Then the second part is the C, C + + source code of transplantation, there are two examples, this is the first example is the basic data types, although said we are LP64 kunpeng platform support, then the x86 platform also supports LP64 such a specification, but actually we definition or is there a difference in the details, although the character width, For example, x is always 8 bytes, but x86 x has signed type, but for our kunpeng platform, we use unsigned type, but we can modify the makefile and add a parameter, -makefilex, to define the default unsigned X as signed X. So that we can make sure that there’s no ambiguity in the C code logic about the x operation.

The second problem is that our compiler provides hundreds of macro definitions that can be read by C and C++ software. For example, if we use GC, we can use the corresponding macro definitions in C and C++ software directly in the original file. This macro definition may cause the compiler to check the environment variable directly at compile time, and then set the corresponding correct value, which is relevant to the host environment. I’m talking about compiling and running on the same machine, we’re not talking about the difference between host and target. This time for the corresponding software, we may need to differentiate the macro definition, such as x86 64 here, a see clearly know that he is to support x86, impossible in our kunpeng platforms, then we will advise the user to modify the user code, made the definition of the scope of software precompiled way isolation, apparently kunpeng platform for us, We often use aARCH64 or Arm64 keywords to define software logic, in addition to these, including BBC have their own architecture definition keywords.

The third kind of problem is the transplantation of our assembly code, which is also the most troublesome one, because x86 platform has less than 2100 assembly instructions, kunpeng platform is compatible with Arm64, we have more than 1000, less than 1100, such an assembly instruction, in fact, it adds up to more than 3000 instructions. If you want to separate it out, it’s very painful. The manual of the corresponding instruction set of Int has more than 4000 pages, and the manual of the related instruction set of Arm has more than 7000 pages. The pure English document will definitely crash when you read it, so the transplantation of assembly code in this area is a difficulty.

There are several forms of assembly code in our software process. The first is that we simply use the Asm keyword to write assembly code. The second is that we use built in functions to replace it. We can find corresponding instructions on the kunpeng platform for replacement, such as the prefetch instructions used on the x86 platform. We can also find the built in function on the kunpeng platform for replacement. And then there’s the third type of Intrisic that we might use. Intrisic is an assembler function provided in JCC that can be used just like THE C language. Intrisic is used on x86 platforms and Arm64 platforms, which are very different.

On the x86 platform, the total number of intrisICS is nearly 7000, less than 7000, and there are many differences at the level of Kunpeng, far less than this number. Why? This is because it supports a larger instruction set on x86, and it has evolved over the last 20 or 30 years, right? He has mx instruction set, SSE instruction set, and AVX, AVX is also divided into 128 bits,256 and 500 12 bits of three kinds.
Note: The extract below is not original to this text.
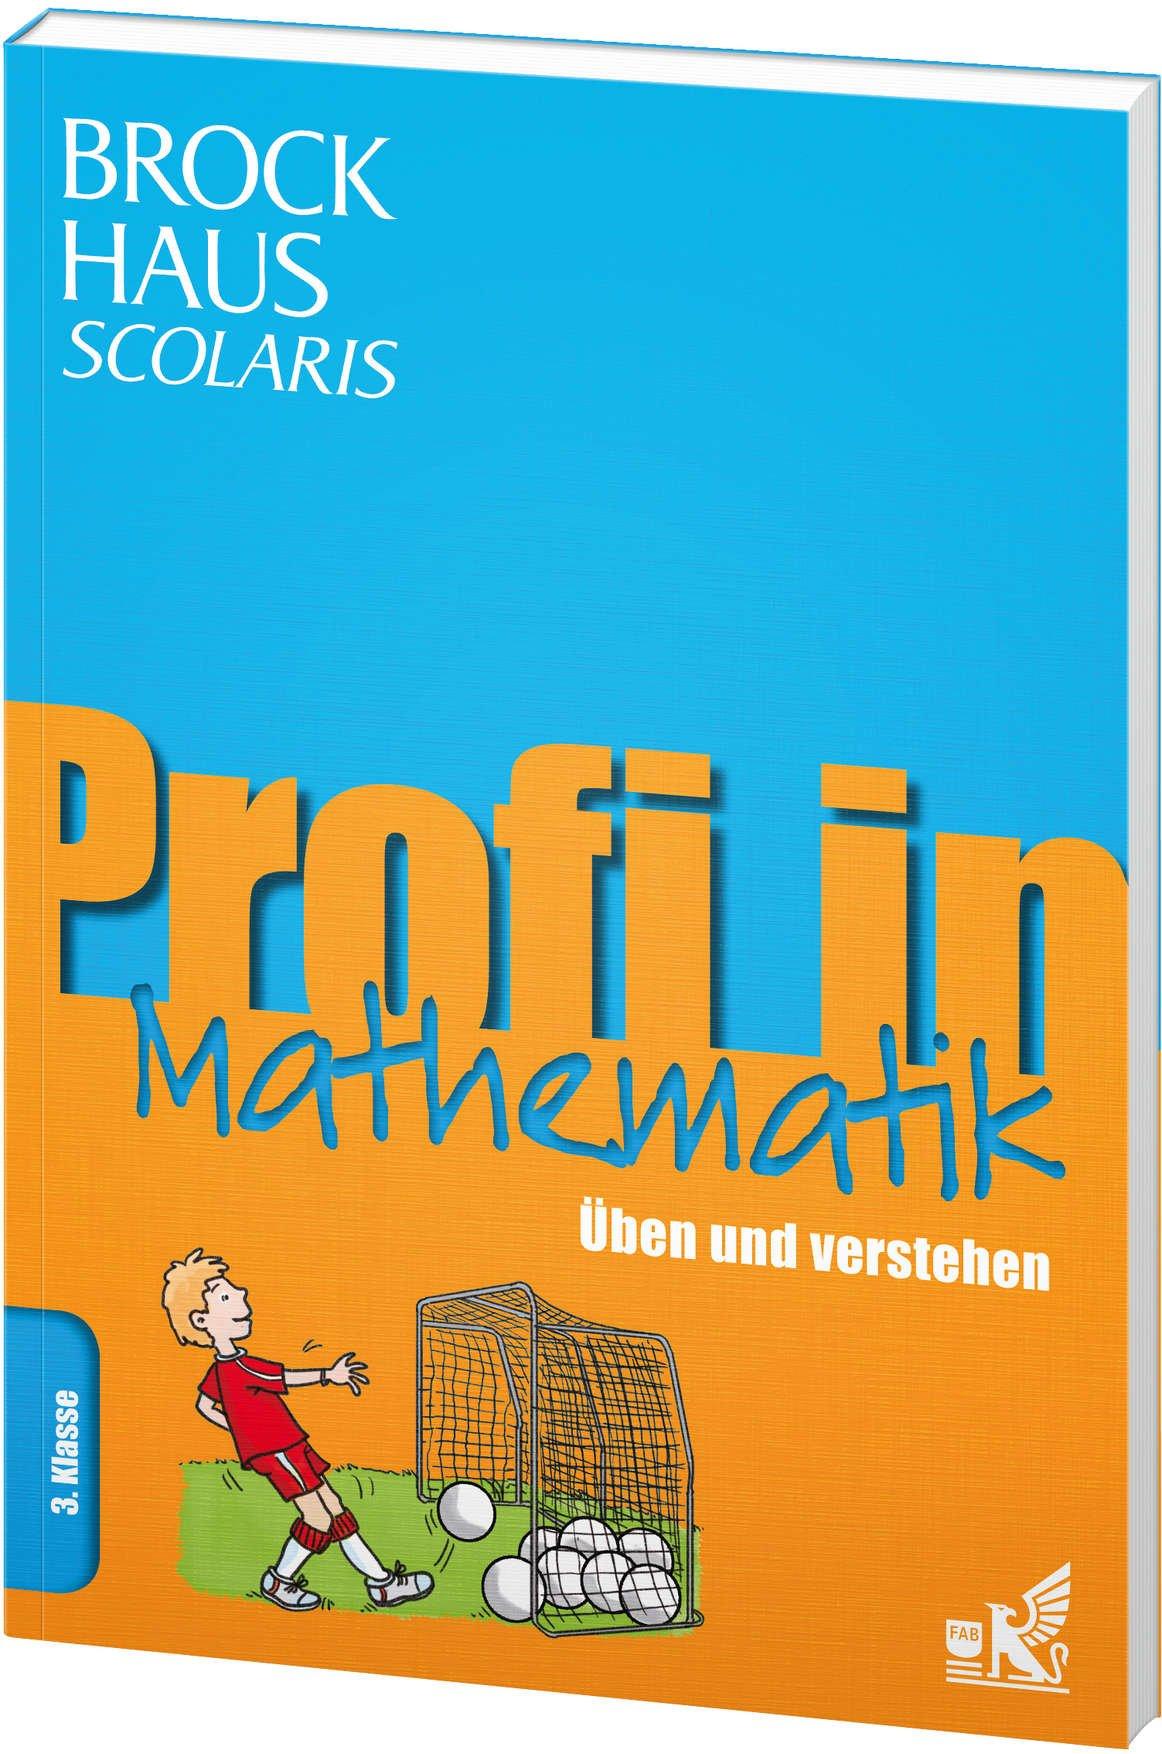 Brockhaus Scolaris Profi in Mathematik 3. Klasse: Üben und verstehen
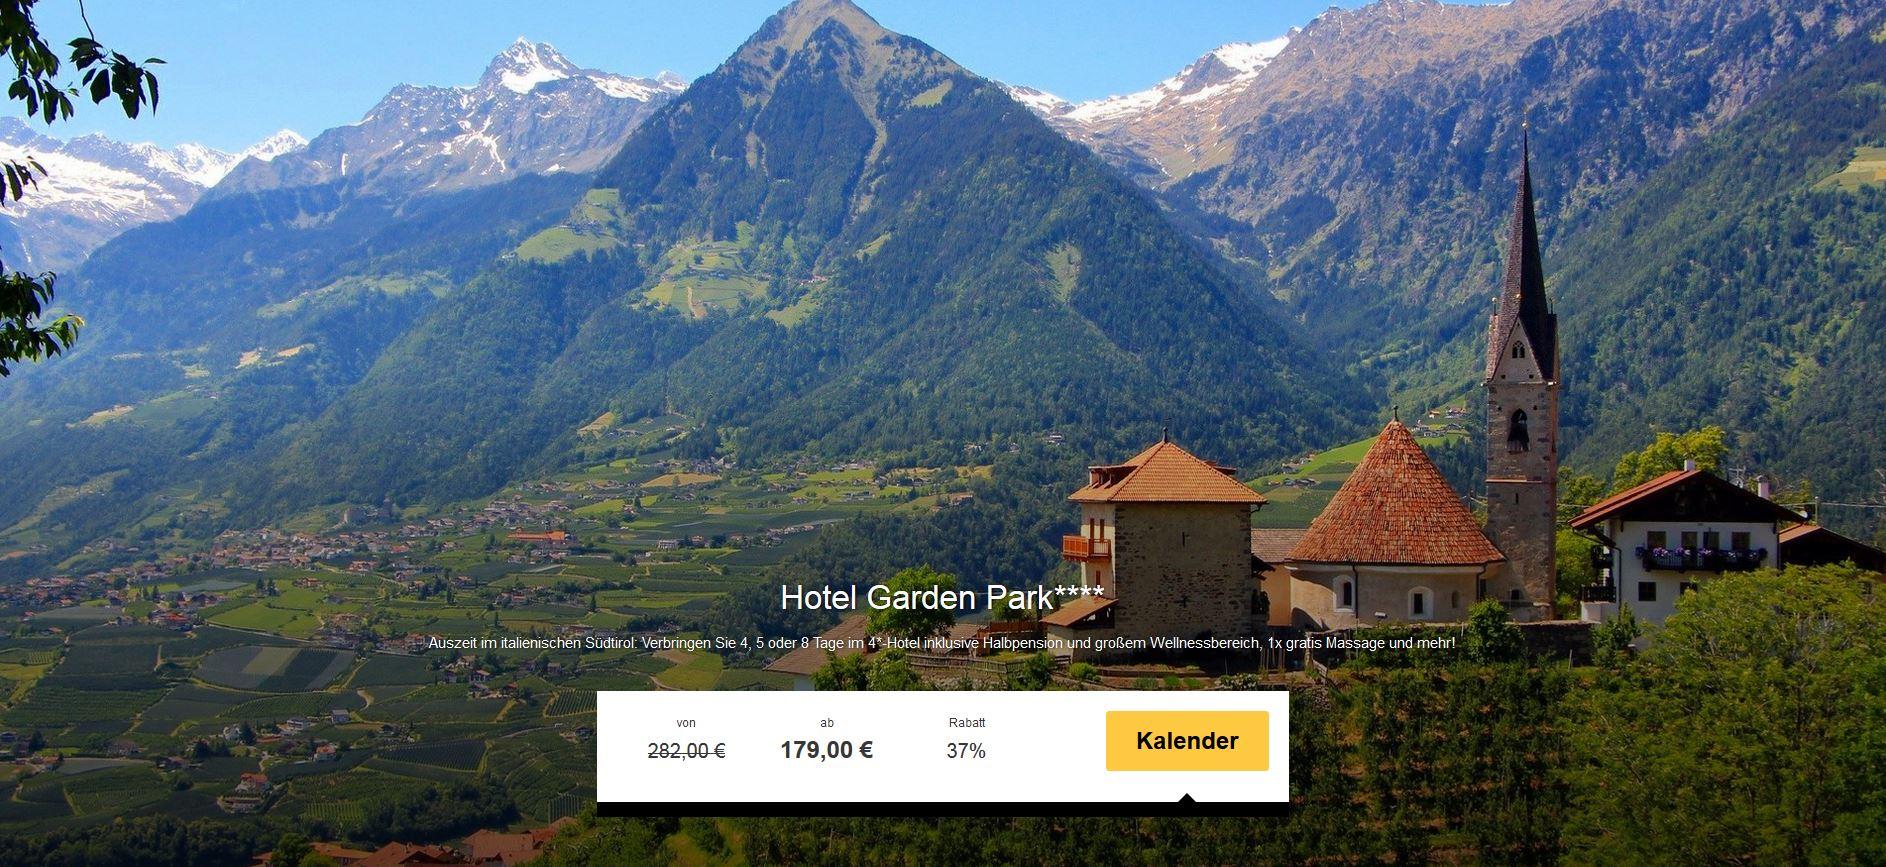 Romantik Hotel S Ef Bf Bddtirol  Sterne

Each type of Intrisic corresponds to a very large number, so the number of transplants is very large. And in this we can find, for example, some correspondence for a 28 bit operation, some substitution.

For these problems mentioned above, for example, we C, C++ just put forward these problems, we provide such a few tools, here we provide analysis scanning tools, code migration tools. The analytical scanning tool is to identify the dependencies of our software migration and then help users do compatibility checks. Then the second tool to provide code migration is to do the source code build project project build file, as well as C, C++ source code and assembly code scan migration guide. The third tool is the performance optimization tool. After we transplanted the software to Kunpeng platform, we needed to use this tool to analyze performance and find hot spots. We also provided the concept of an acceleration library based on Kunpeng platform, a component. This provides a way for software and hardware to work together to accelerate user applications.

For example, we have optimized the GDPC basic operating environment, we have optimized compression, encryption, encryption and decryption, including some mathematical calculations, such as some open source or tripartite components, and we have optimized some IPP signal processing programs to improve their functions, which has greatly improved their performance through the combination of software and hardware. In the process of analysis and scanning, we upload the user’s software to our tool environment, and our tool environment will analyze the installation packages of the user’s software on X86 platform, such as the RPM package here and some JAR and Java programs, including some compressed packages. We will go to scan inside recognition software package inside and software installation path, including our internal integration of the package, such as these SO, binaries, whether to test it on a new platform is supported on different operating systems, feedback to the user a consistency analysis report, will tell the user individually SO compatible, How to deal with incompatible? We will provide links to the value of the source code, this is the source level link, or the link to provide the migration document method book, will be provided in our report.

We work this tool provides two ways, one is our way through the command line, below this kind of form through the parameter input, one kind is through the way of outside and we are doing the installation package dependency analysis, and scanning of the original code, can produce a migration analysis guidance to the user’s report, this report is to provide the format of the CVS or HDM format, Users can download it, and it will list in detail which dependent libraries, which secondary files need to be migrated, which C, C++ and assembly code needs to be migrated, and how much? The user is presented with a migration workload, such as one per month.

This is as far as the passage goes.